Health care quality has been the focus of a great deal of scholarly effort in the past decade. In 2007, the quality movement will arrive at the front door of nearly all clinicians, as the Centers for Medicare and Medicaid rolls out its Physician Quality Reporting Initiative. In the future, quality cannot be claimed—it must be demonstrated (or so the thinking goes).

This SEER database survey finds that only one-third of patients treated with external beam radiotherapy completed two follow-up visits with the treating radiation oncologist. The authors point out that this "falls short" of the guideline enumerated by a panel of experts. The implication is that this is a bad thing. Is it?

Our practice includes a large percentage of men who live several hours from the treatment center. We typically see them once a year, sharing follow-up care with the local urologist who made the initial diagnosis. According to the RAND criteria, that is "falling short." Should we be concerned? We should point out that in the small percentage of men with significant morbidity, we may choose to see them more frequently.

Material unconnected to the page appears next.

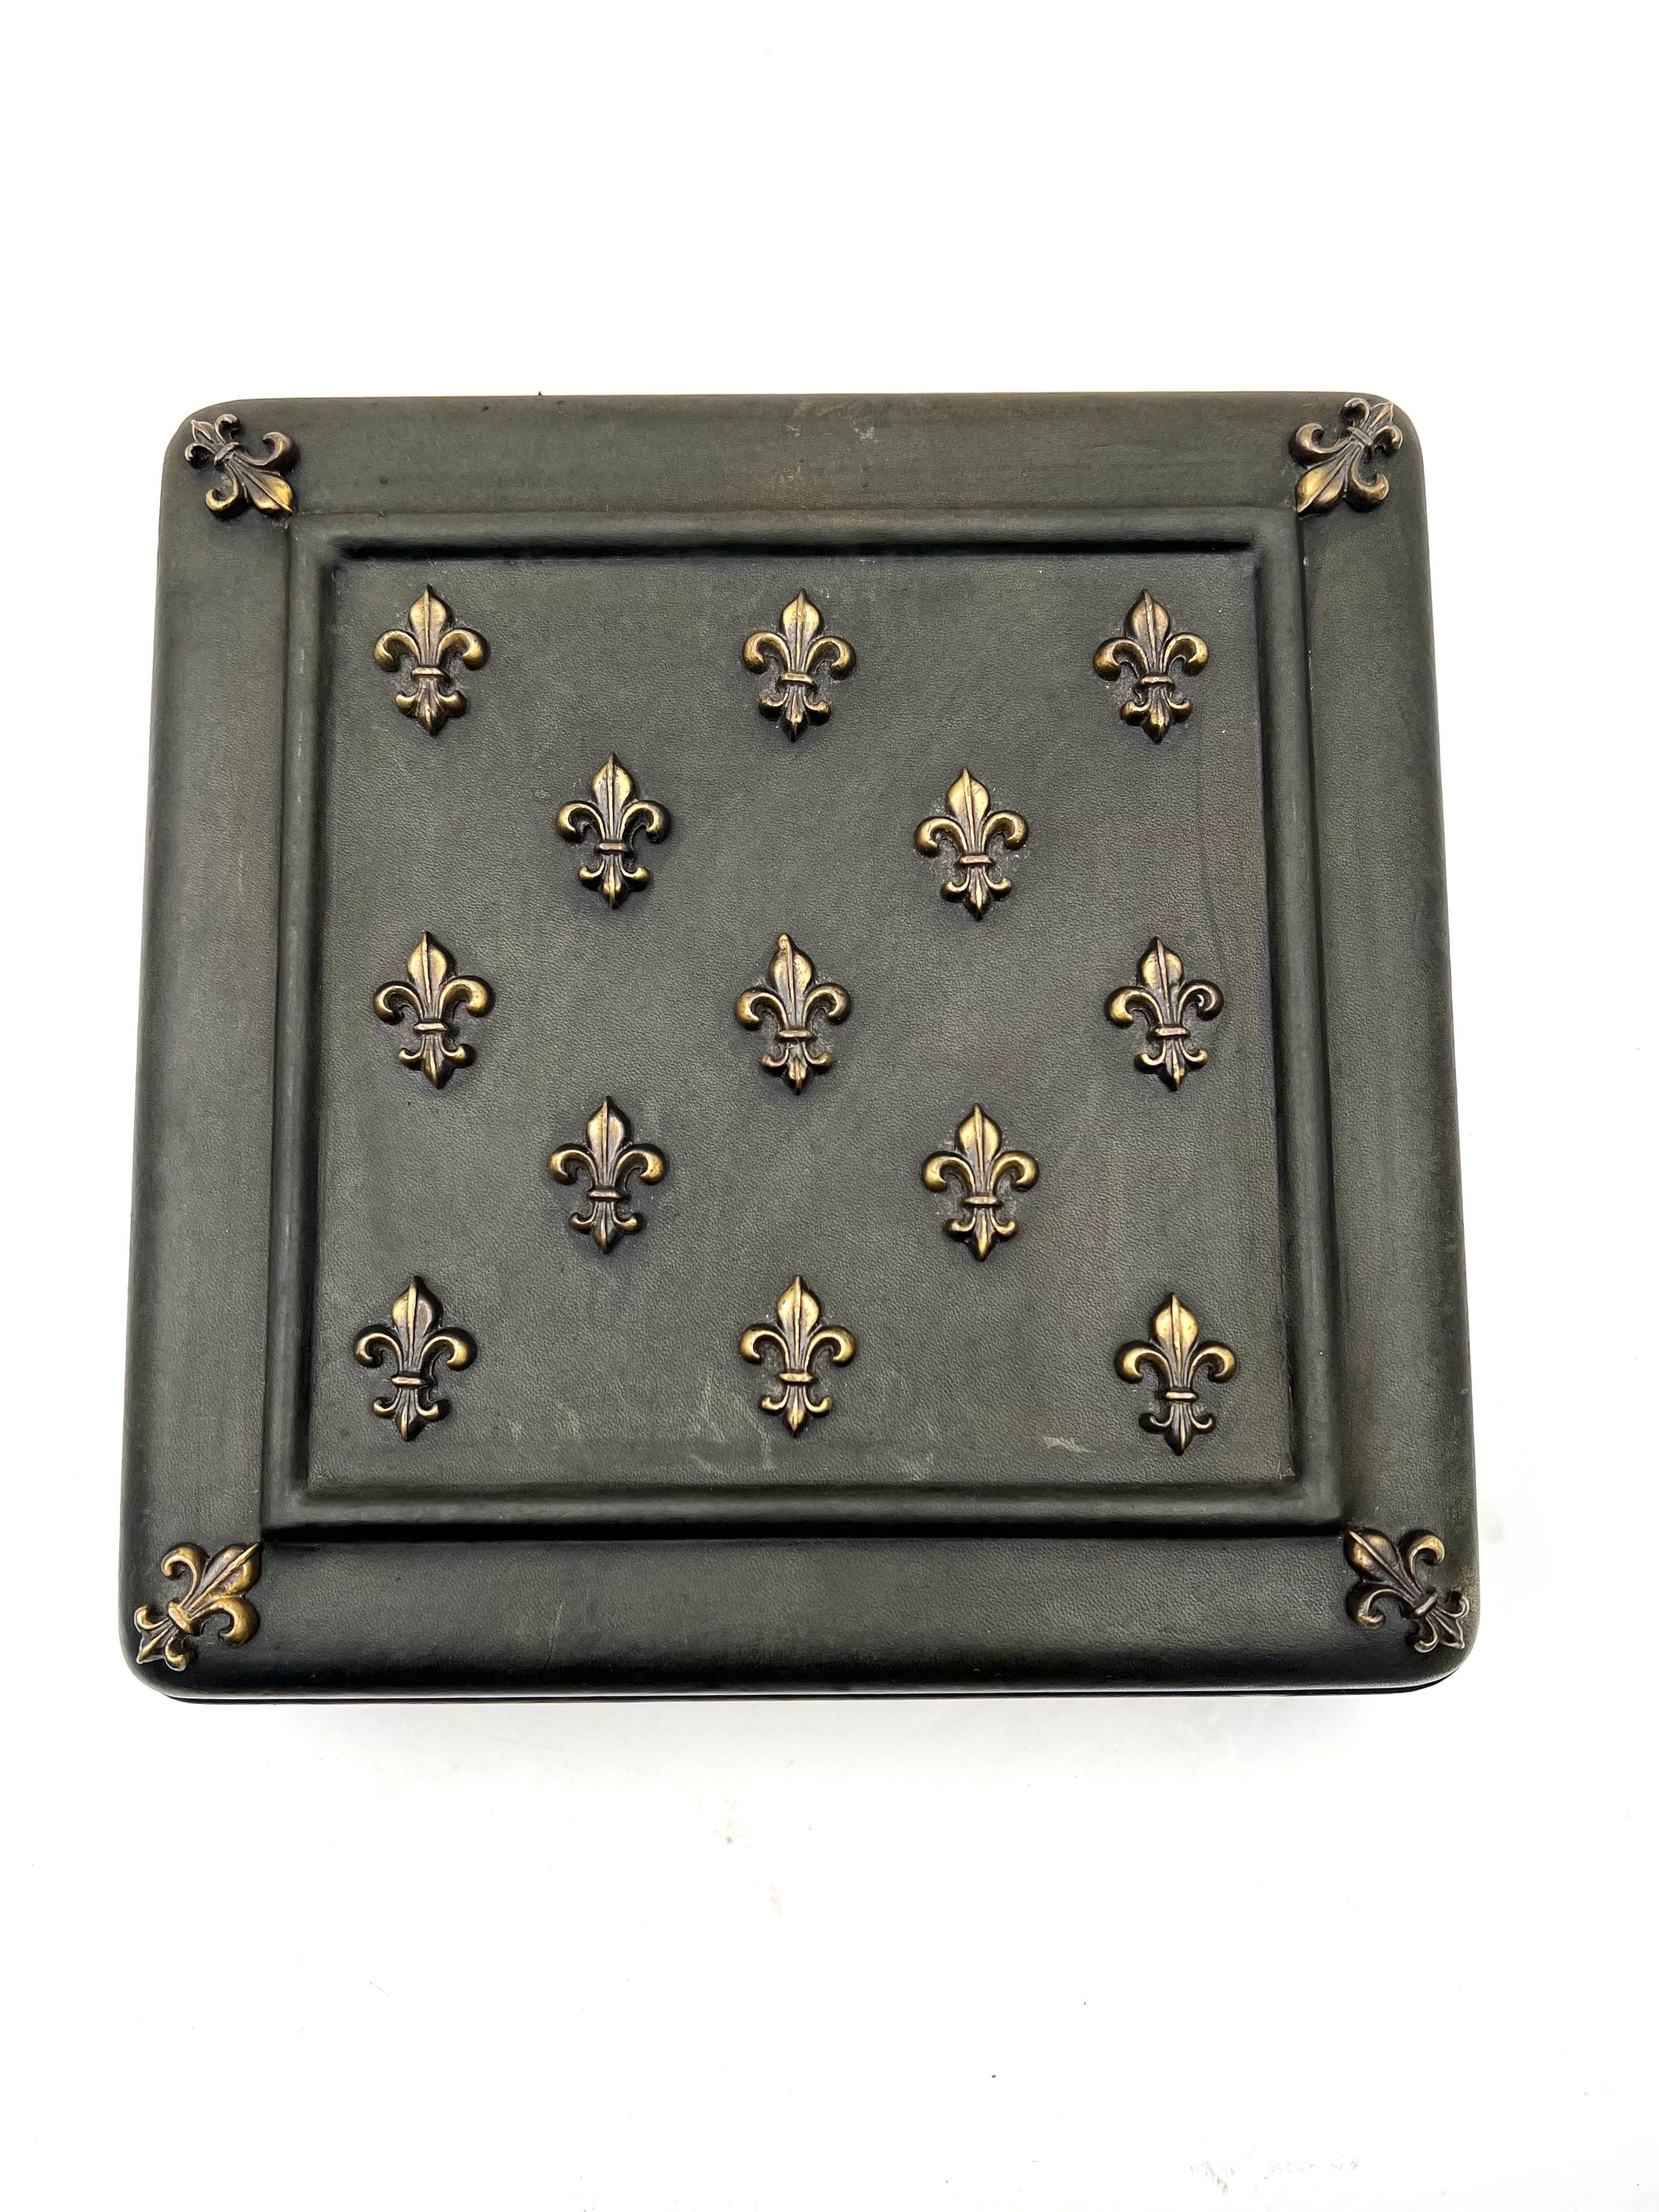 Beautiful elegant wrapped leather box with Fleur De Lis motif, circa 1960's, in olive green leather with gold accents nice and clean condition with cloth interior.

A closer look at the data reveals that 80% of men are seen twice when visits to a urologist or a radiation oncologist are counted. In our view, this shared-care model is an efficient use of resources. It allows patients to be seen by the two professionals most intimately involved in the diagnosis and treatment of their cancer. It is an opportunity for the disciplines to collaborate by sharing information and knowledge.

The authors are to be congratulated for pointing out a weakness of the study design: the inability to link follow-up variations with outcomes.

Unless there are outcomes (patient satisfaction, etc.) that indicate the shared care model is inferior, however, we will continue our current practice.

— W. Robert Lee, M.D., and Judd W. Moul, M.D.